What the task requires
Begin at the line that has "Scorpions. Bands, Artists, Singers.", stop after the line that has "slider More' More'", and print exactly those lines from the records below, without any pictures.
━━━━━ Data ━━━━━
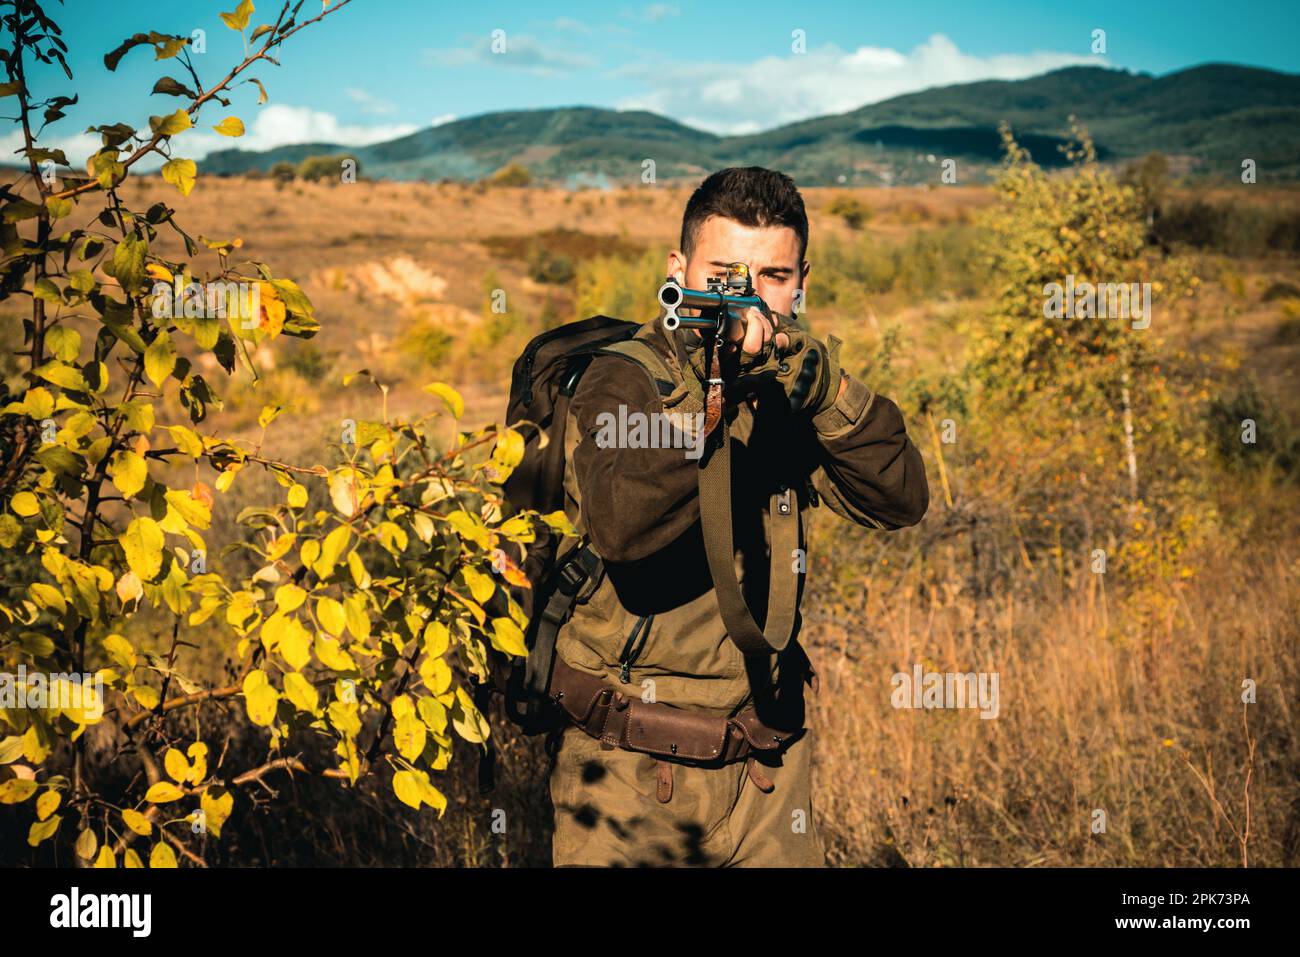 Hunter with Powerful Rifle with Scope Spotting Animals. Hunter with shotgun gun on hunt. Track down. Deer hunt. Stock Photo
━━━━━
━━━━━ Data ━━━━━
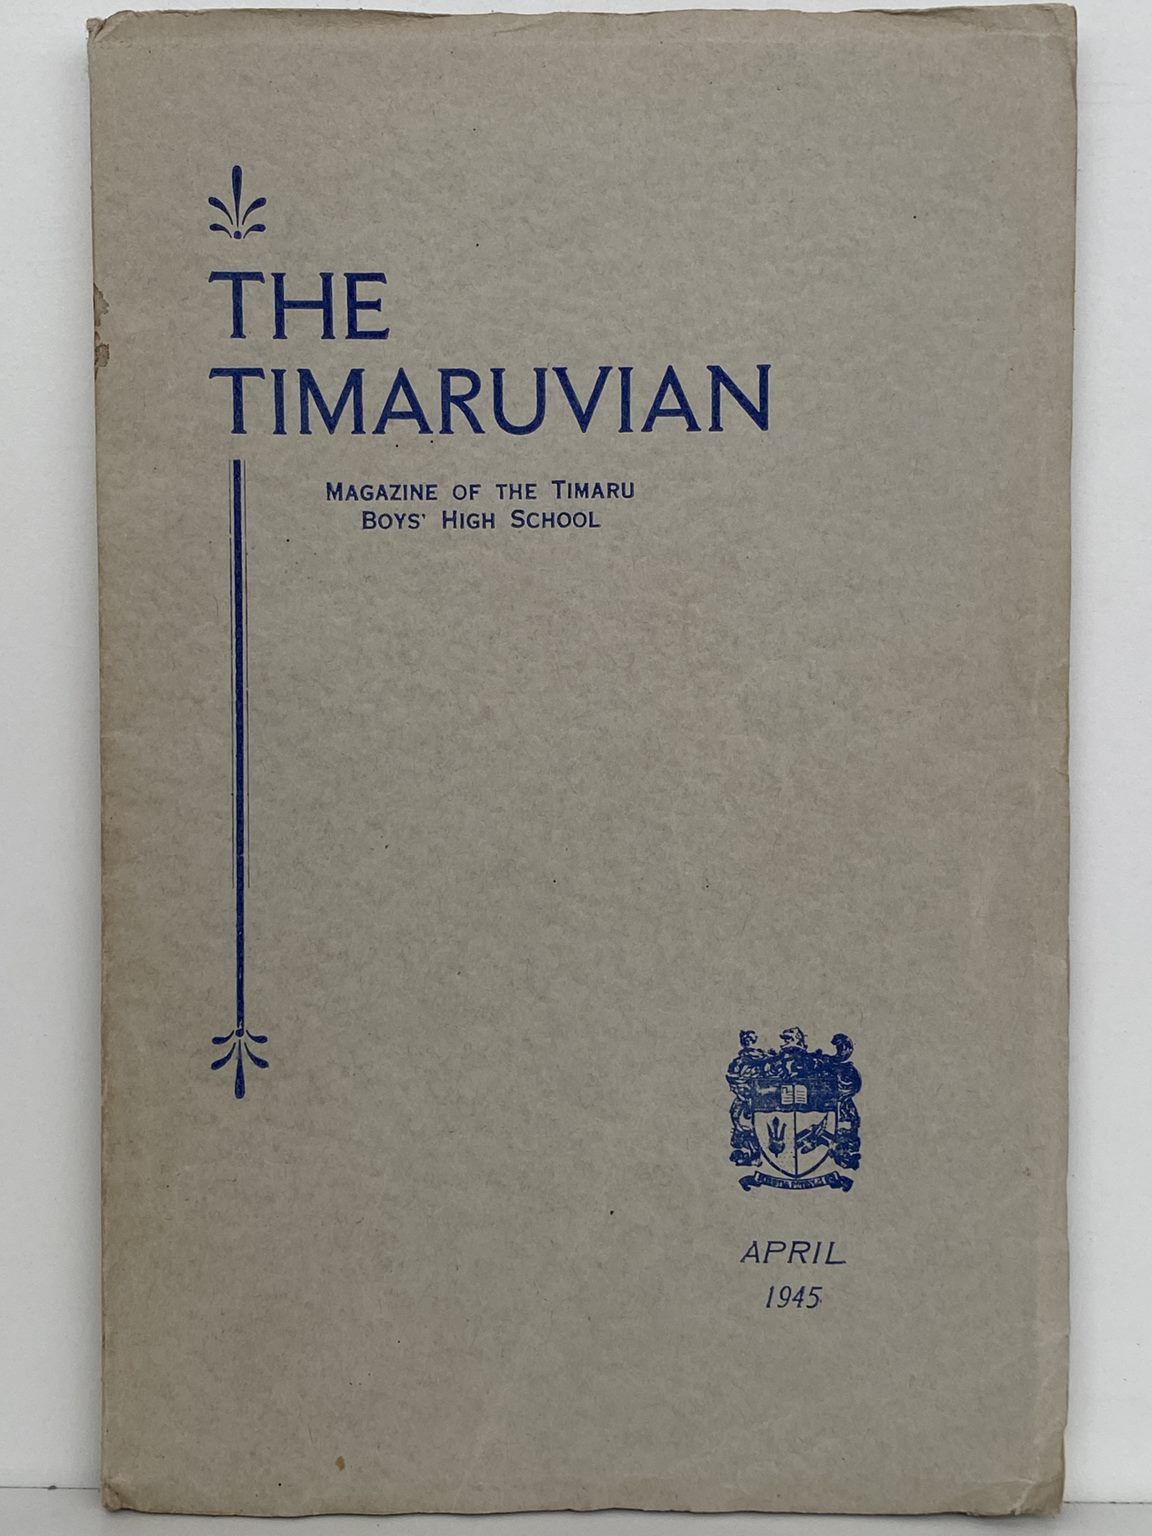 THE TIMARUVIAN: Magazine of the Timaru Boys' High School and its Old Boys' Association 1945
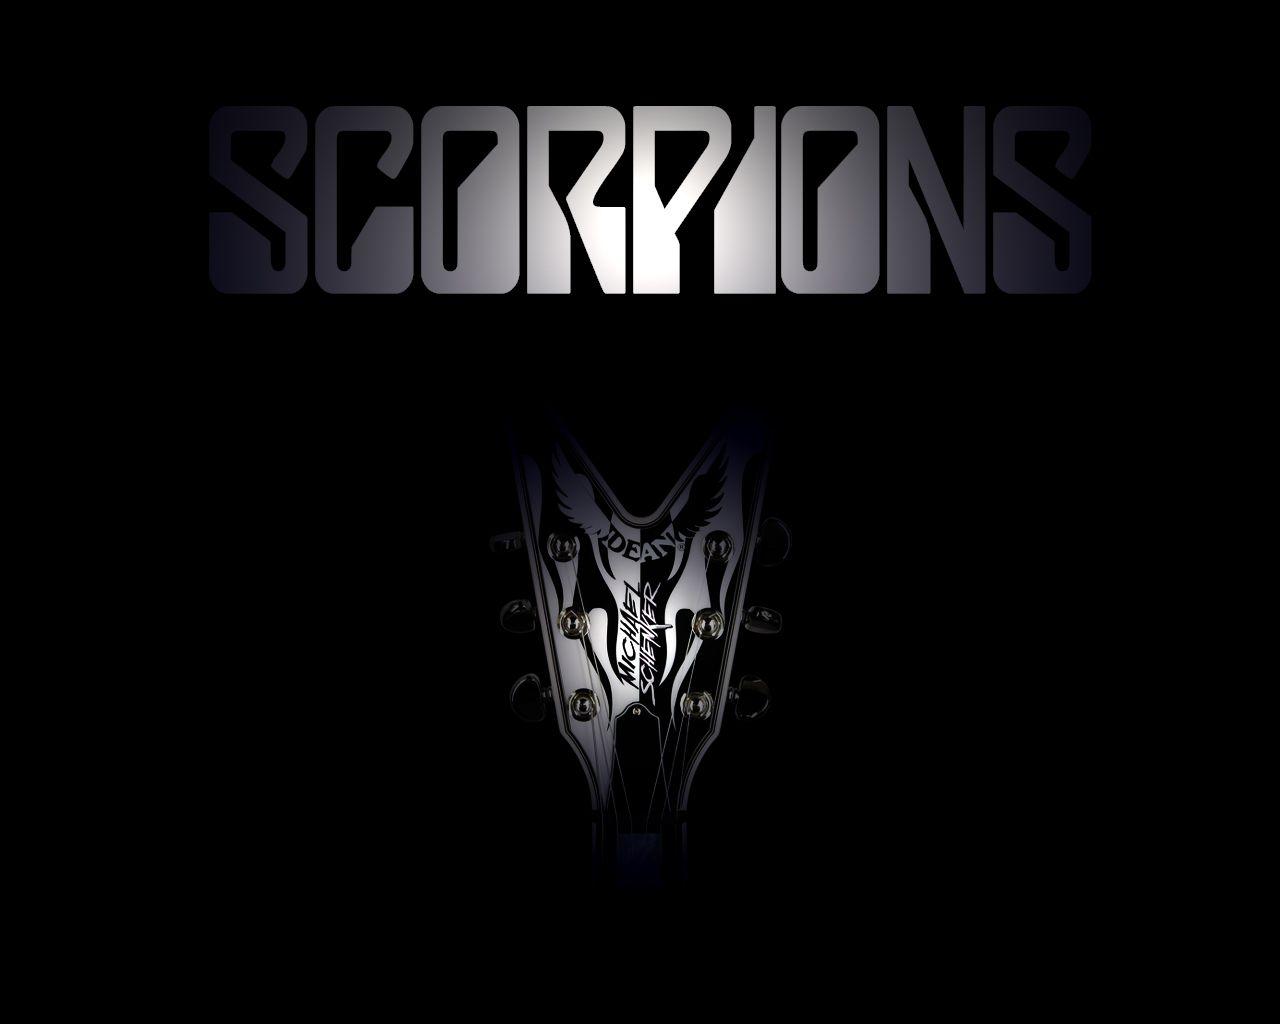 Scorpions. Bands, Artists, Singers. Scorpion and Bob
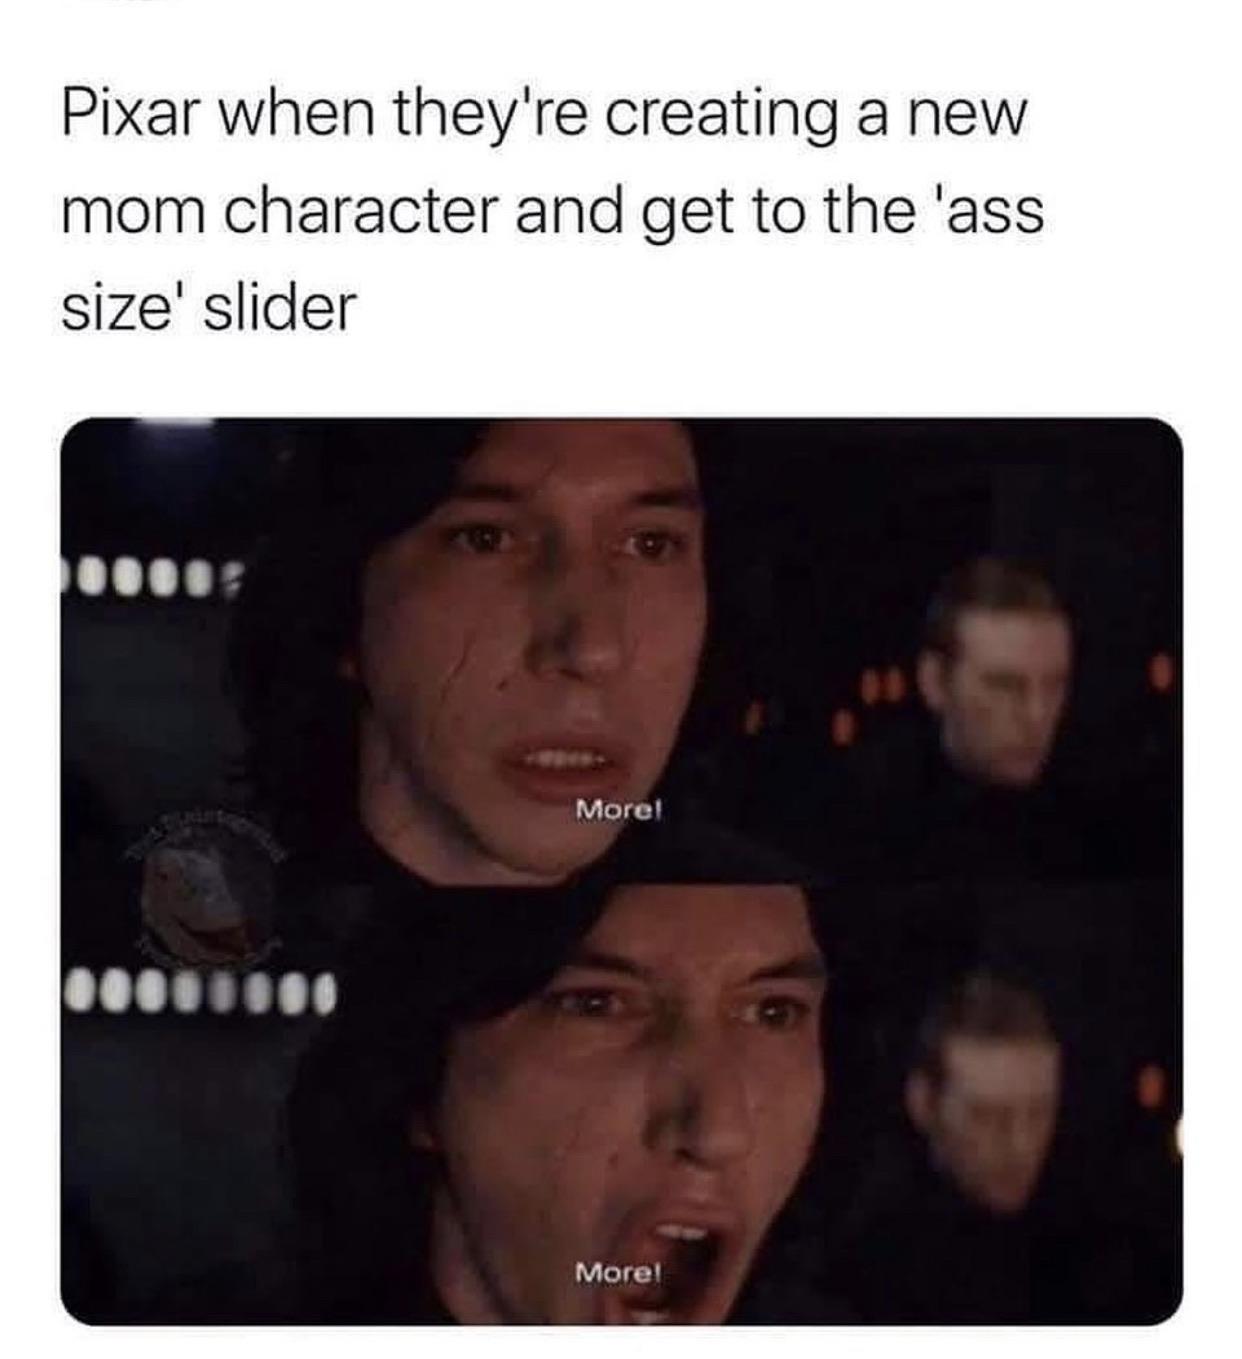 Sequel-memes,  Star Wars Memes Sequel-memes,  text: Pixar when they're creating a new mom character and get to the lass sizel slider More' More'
━━━━━
━━━━━ Data ━━━━━
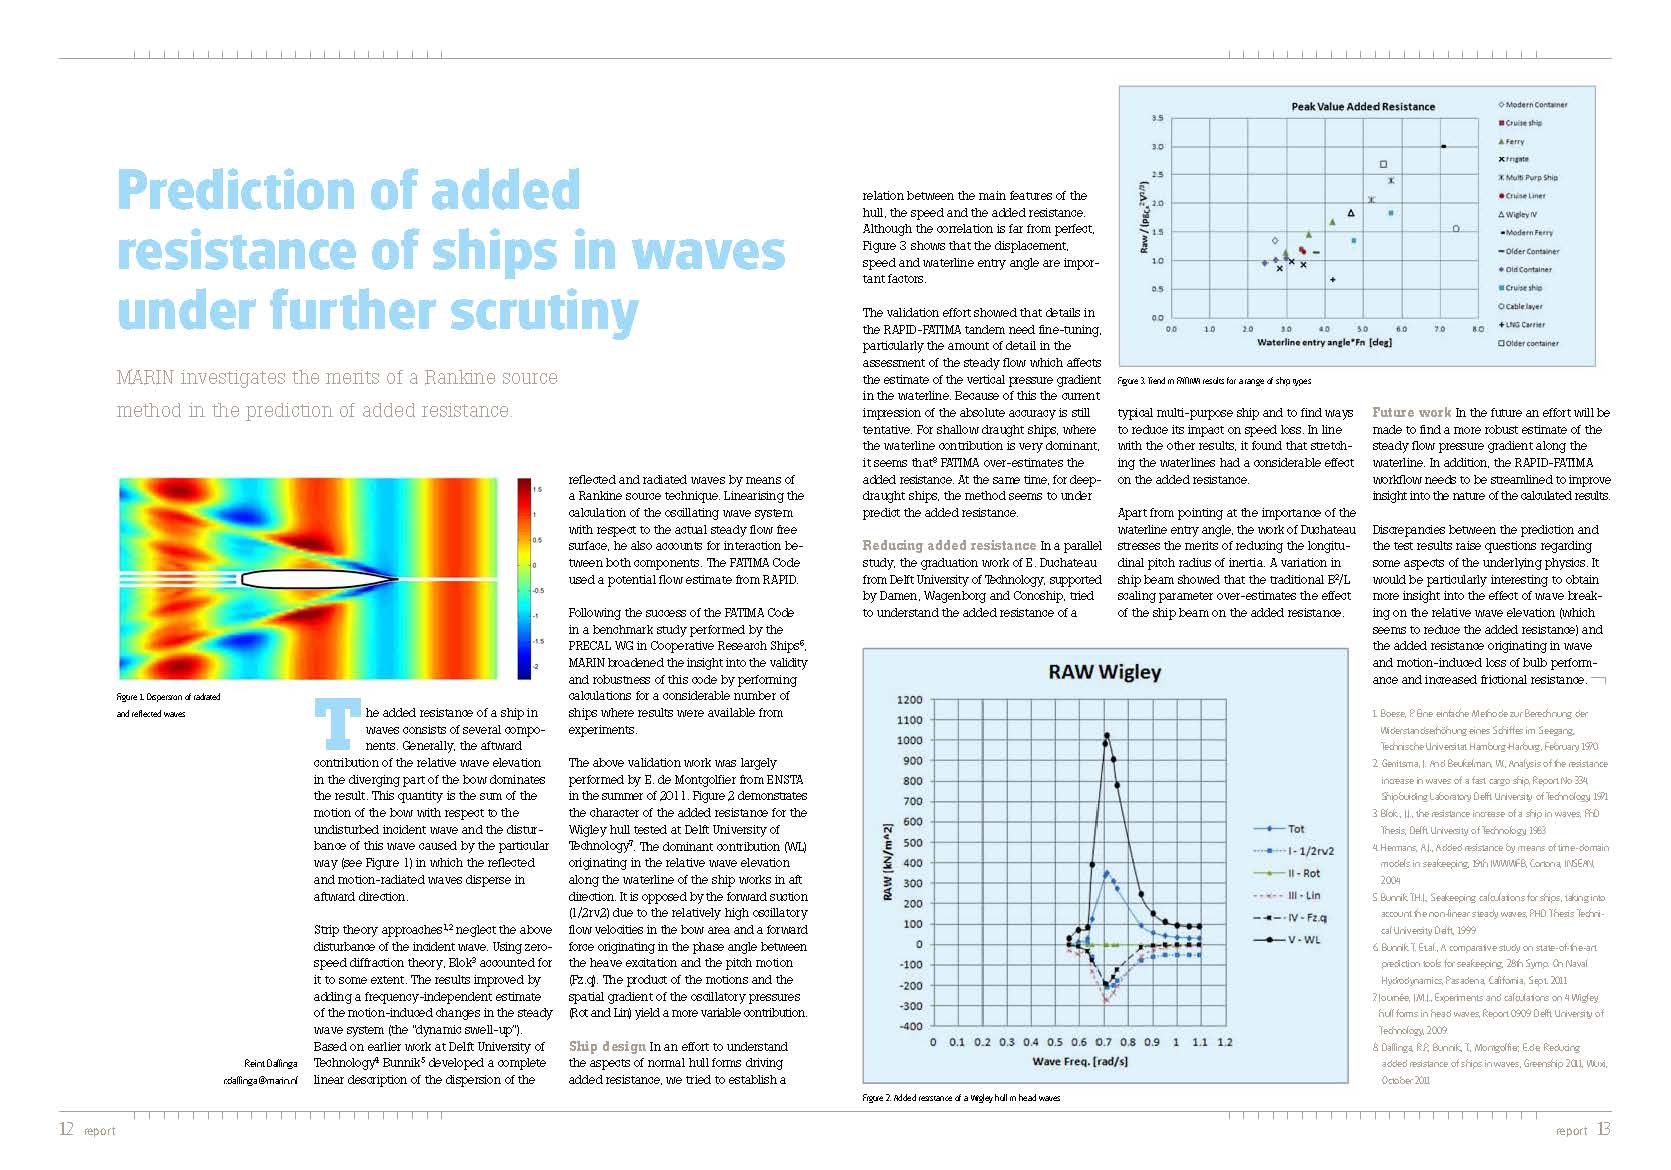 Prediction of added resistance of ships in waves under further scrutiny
━━━━━
Solution to this task
 Scorpions. Bands, Artists, Singers. Scorpion and Bob
 Sequel-memes,  Star Wars Memes Sequel-memes,  text: Pixar when they're creating a new mom character and get to the lass sizel slider More' More'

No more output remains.